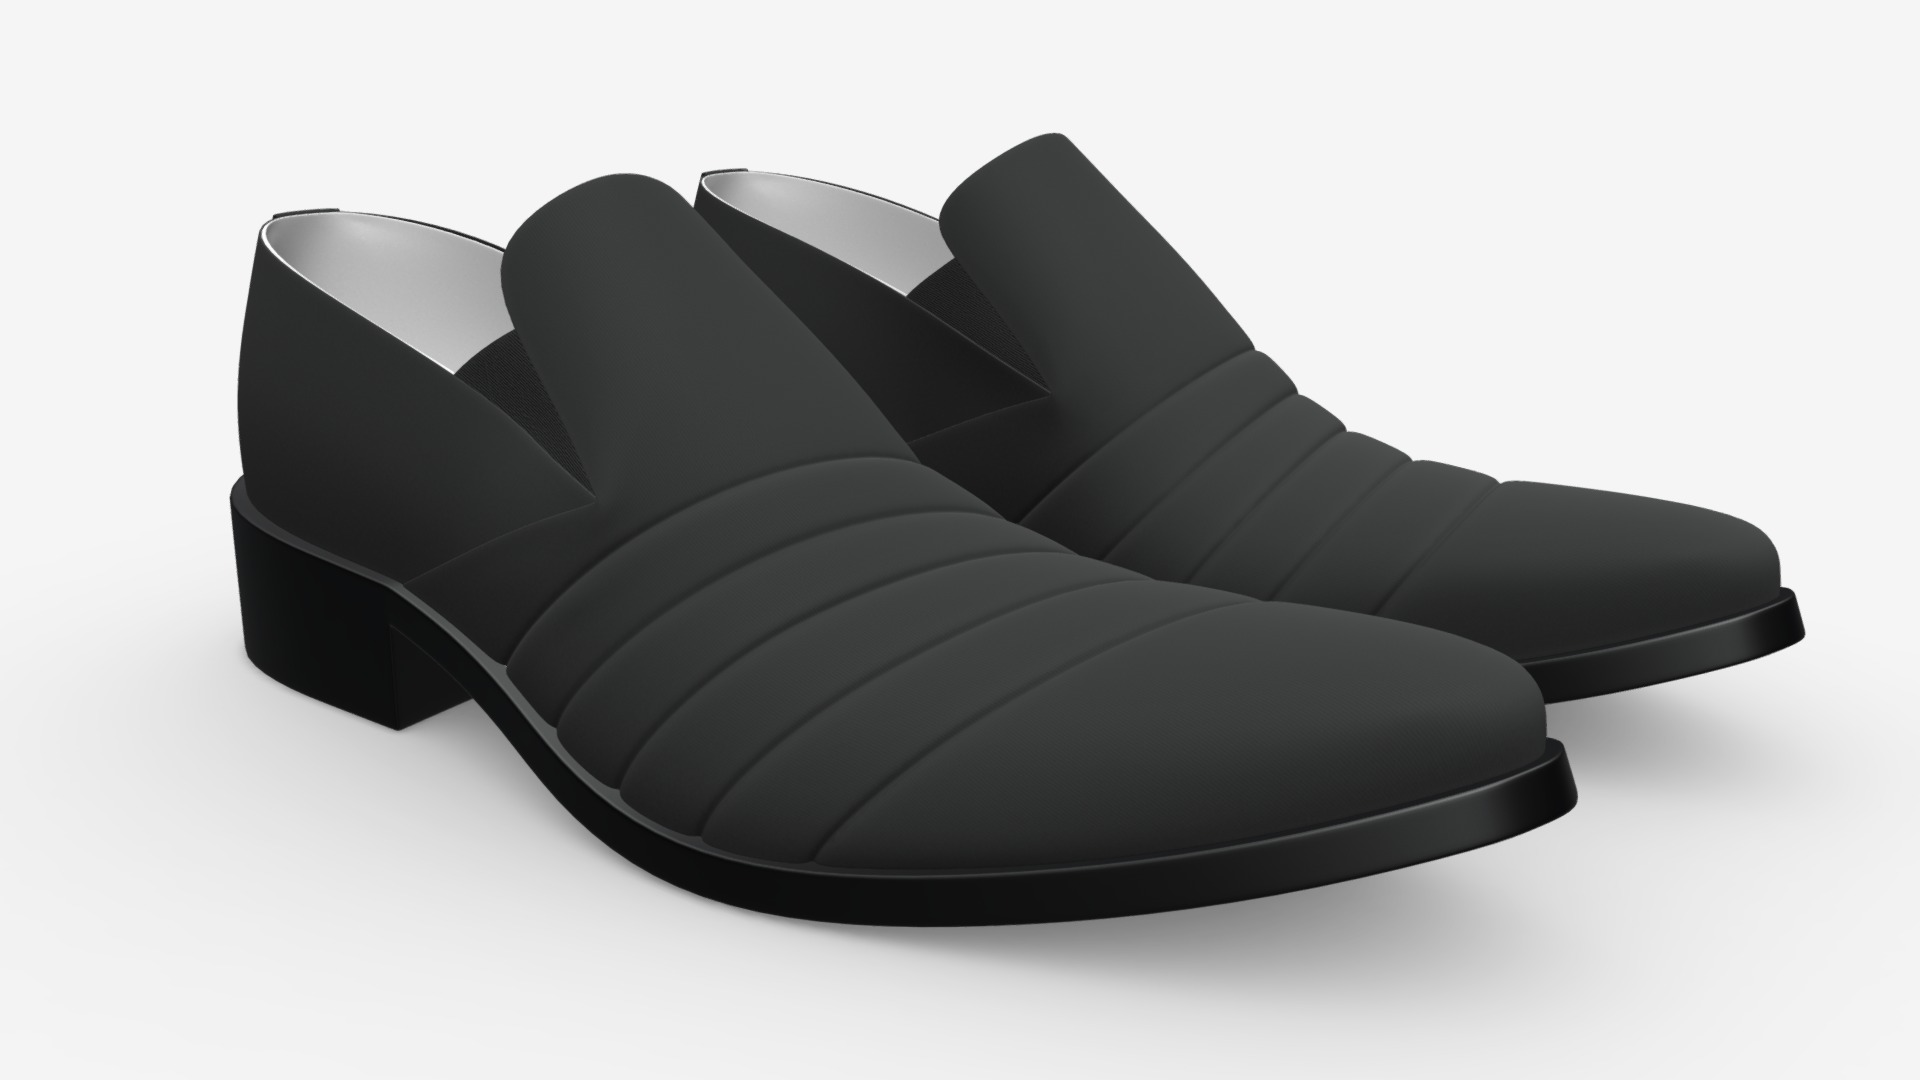 3D model Mens classic shoes 06 - This is a 3D model of the Mens classic shoes 06. The 3D model is about a black and white shoe.
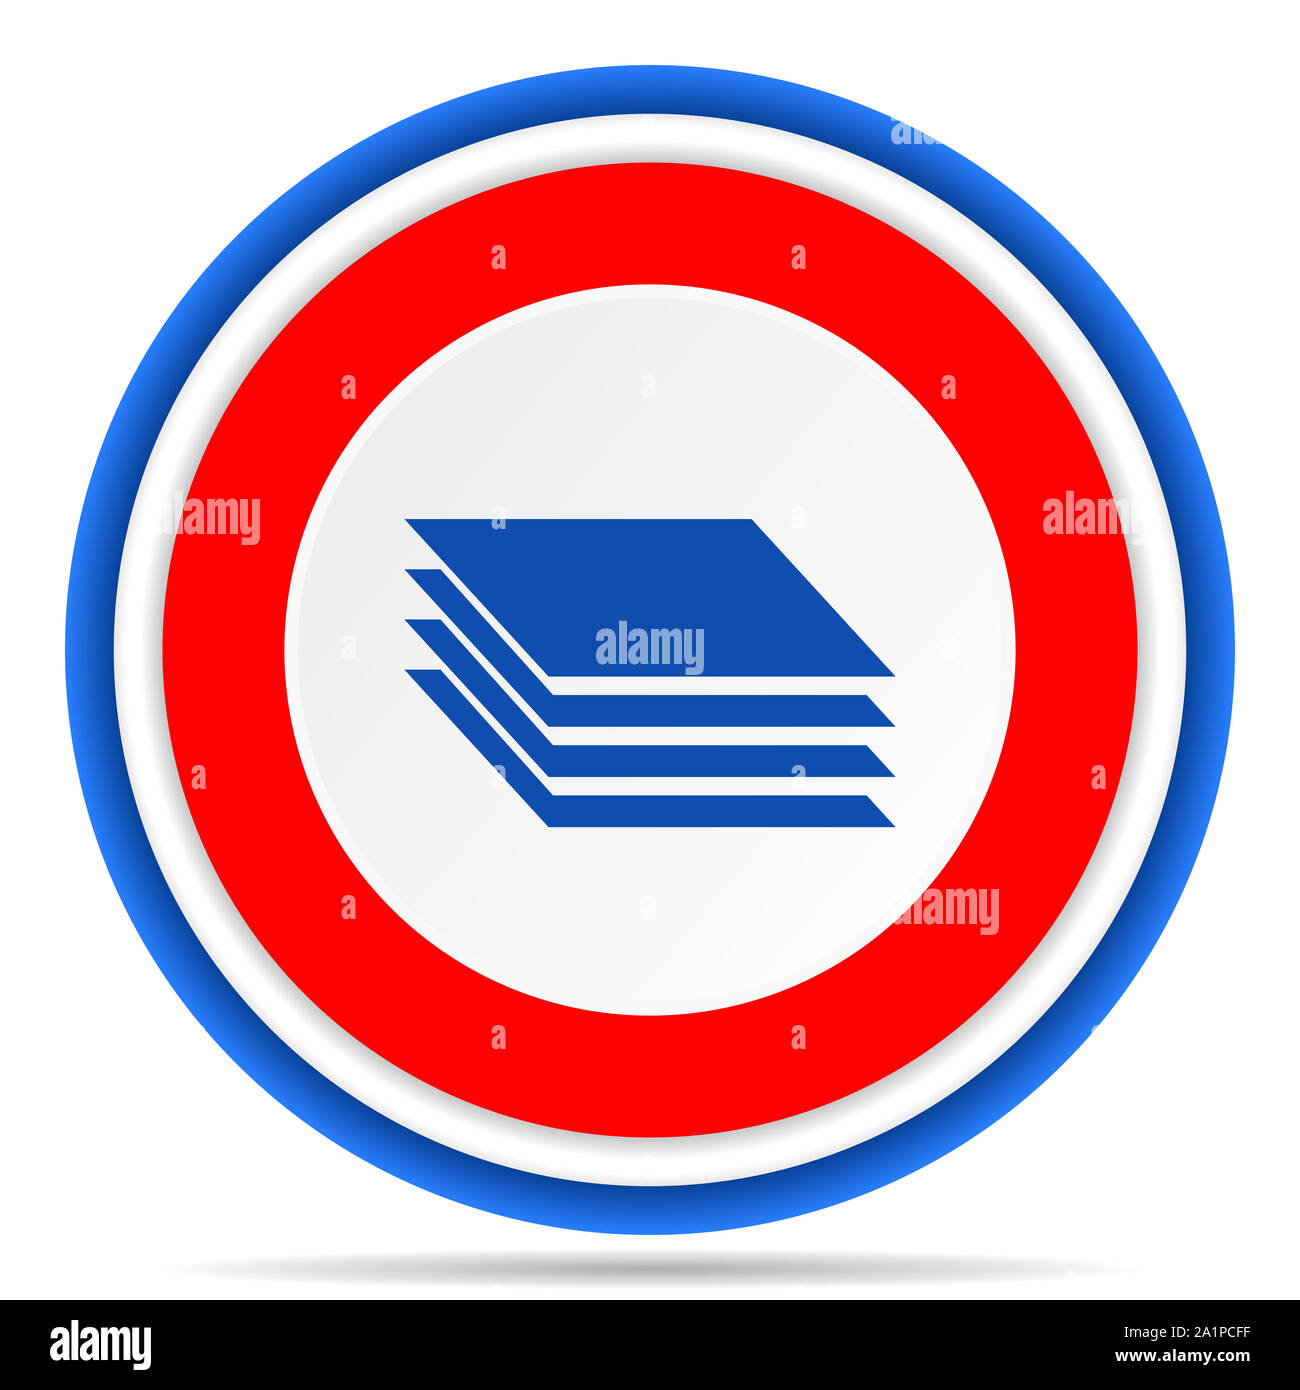 Layers round icon, red, blue and white french design illustration for web, internet and mobile applications Stock Photo
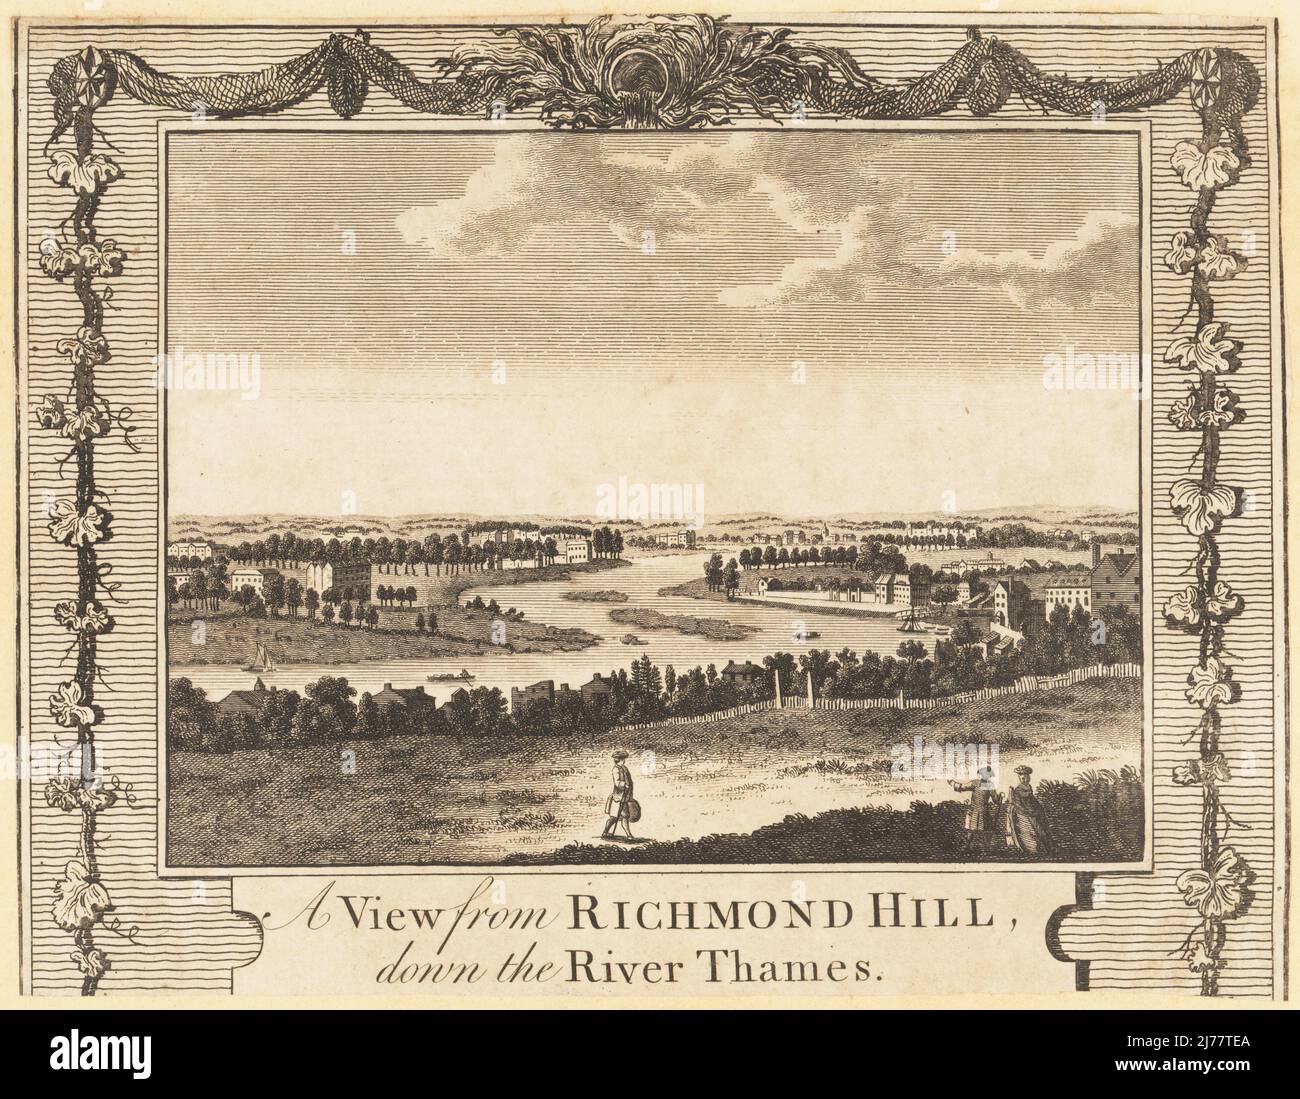 A view from Richmond Hill down the River Thames. Showing Richmond, Brentford, Isleworth, Syon House and Park, but lacking Richmond Bridge built in 1777. Copperplate engraving by William Thornton after a 1749 painting by Antonio Joli, London, 1784. Stock Photo
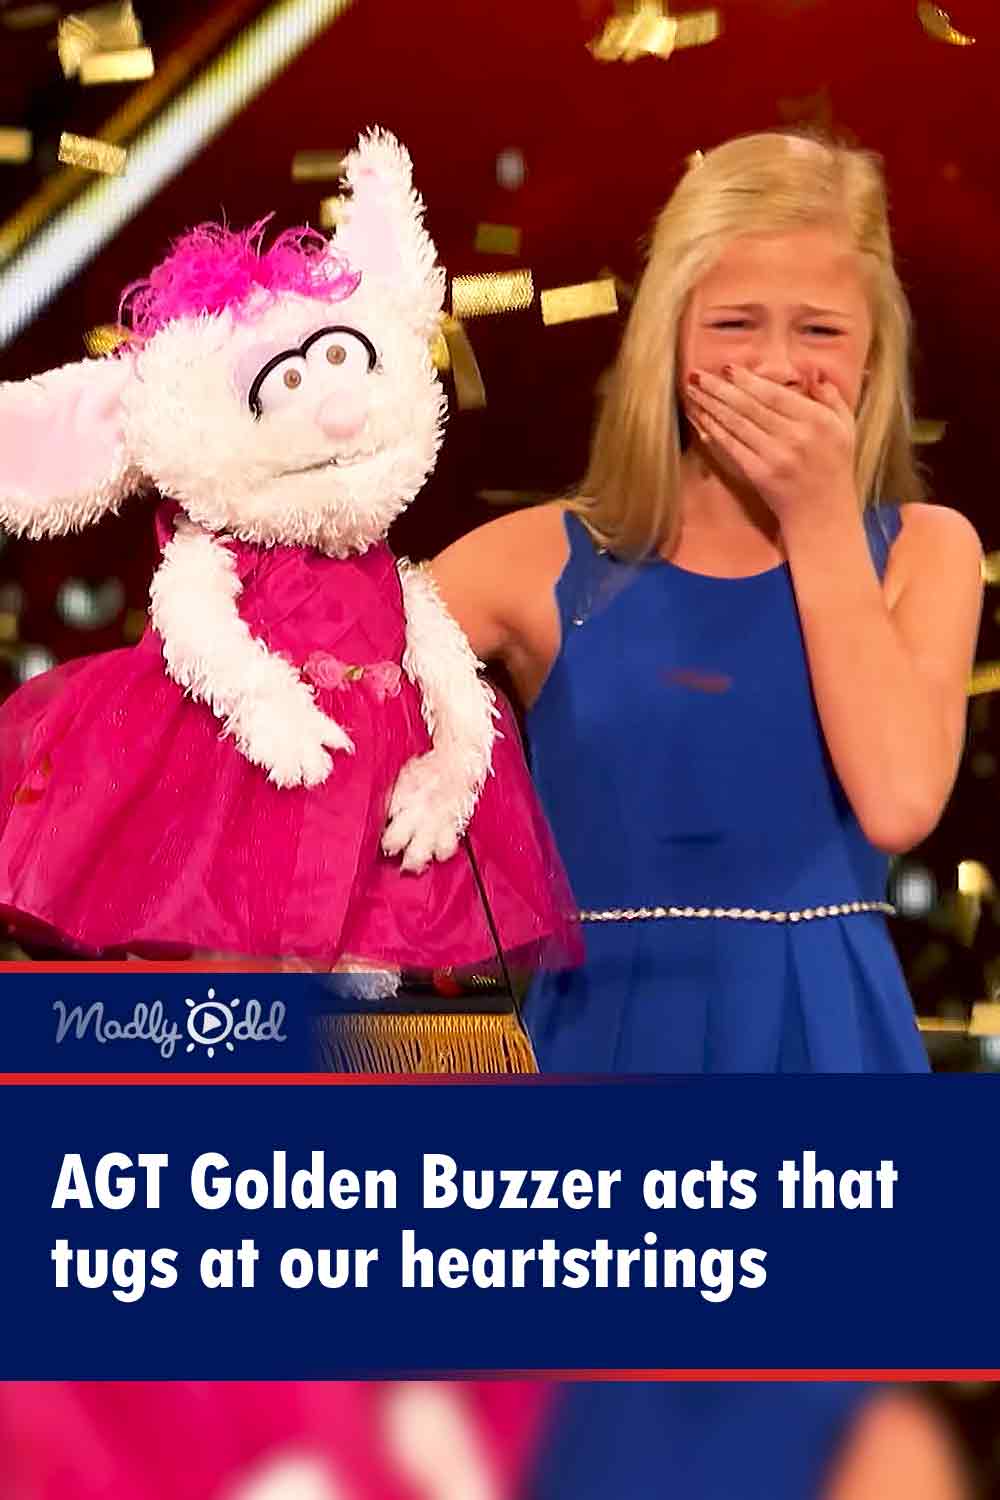 AGT Golden Buzzer acts that tugs at our heartstrings

Directions for this task:
Return each line above exactly; any pictures are to be skipped.

Problem solution:
 3D model Mens classic shoes 06 - This is a 3D model of the Mens classic shoes 06. The 3D model is about a black and white shoe.
 Layers round icon, red, blue and white french design illustration for web, internet and mobile applications Stock Photo
 A view from Richmond Hill down the River Thames. Showing Richmond, Brentford, Isleworth, Syon House and Park, but lacking Richmond Bridge built in 1777. Copperplate engraving by William Thornton after a 1749 painting by Antonio Joli, London, 1784. Stock Photo
 AGT Golden Buzzer acts that tugs at our heartstrings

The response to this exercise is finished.